Whether or not this ecosystem of third places for policy negotiation is a net public good is hard to know. Policy non-profits are themselves funded and operated with money from large grant-giving organizations and special interest groups. One might reasonably worry that these financial interests affect the policy development that goes on in these places. For what it’s worth, in the modern Congress, special interest groups and donors have direct access to the policymaking process as well. Counterintuitively, it’s possible that negotiations that happen off the Hill may in some sense decrease the policy influence of special interests, since electoral accountability in these spaces is out of reach. 
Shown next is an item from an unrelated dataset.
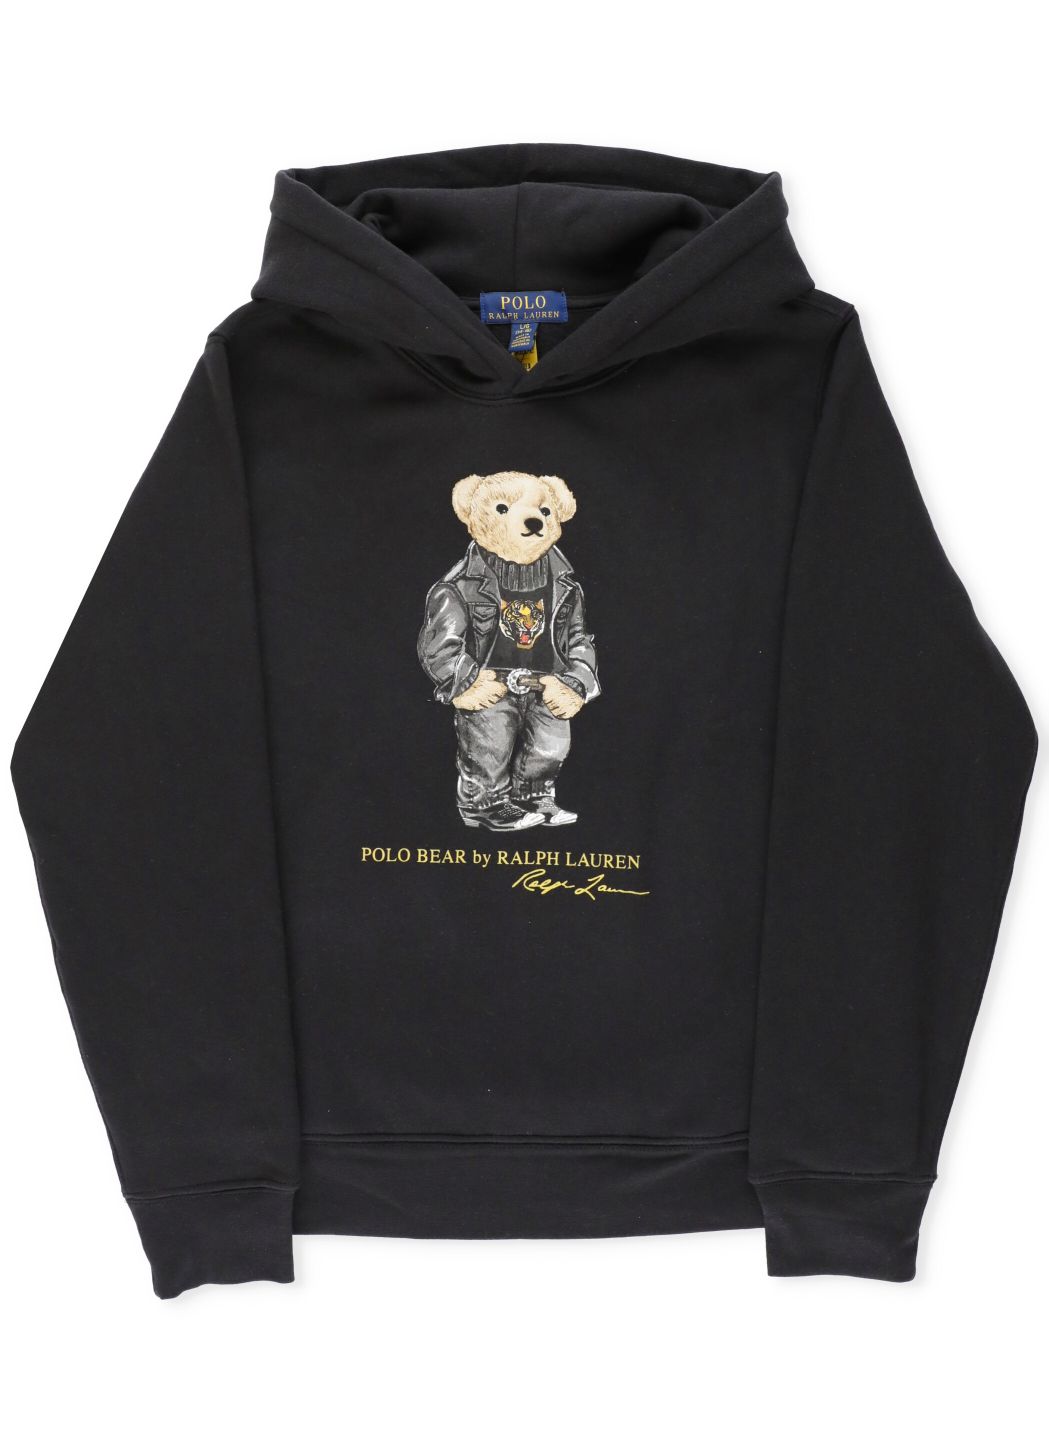 Polo Bear hoodie

While leaks undermine secret committee negotiations, employing secret ballots for more votes in Congress is worth considering. Many votes in both chambers are carried out by voice vote, but under the Constitution, final roll call votes on the floor of either chamber must be recorded if one-fifth of present members demand it. However, there is no such constitutional provision for committees. Regardless, many committees follow the one-fifth rule for disclosing roll calls. Even more extreme, in some committees, a single member can request a recorded vote. We could convert some portion of votes, say all committee-level and below, either to total secrecy or to a teller system where individual members’ votes are not recorded (i.e., only the count is disclosed). Secret ballots are already employed for some other votes in Congress. For example, Senate Republicans elected Majority Leader John Thune by secret ballot last year.

If Congress’s committees were to again turn away from public view, they might also consider creating a small institution to enforce information security. This would hardly be unheard of, given Congress’s proclivity to create non-partisan support offices and agencies like the Senate Parliamentarian or the Congressional Budget Office. As we’ve already established, members from both parties would often be made better off if they could somehow commit to not leaking. A third party, call them the “Congressional Paper Shredder,” with preferences orthogonal to partisan politics, could credibly play such a role.

Even still, nothing’s to stop a rogue committee member or staffer from calling up a reporter after a secret meeting and spilling the beans. If negotiations involve the president, which on major topics they almost always eventually do, then the executive branch becomes yet another potential source of leaks. It’s difficult to imagine institutional tweaks that could address these avenues for leaks, making the continued substitution to outside groups or other venues for policy development and compromise even more likely. On the other hand, making non-floor votes secret is entirely feasible in principle. One can’t leak information that doesn’t exist!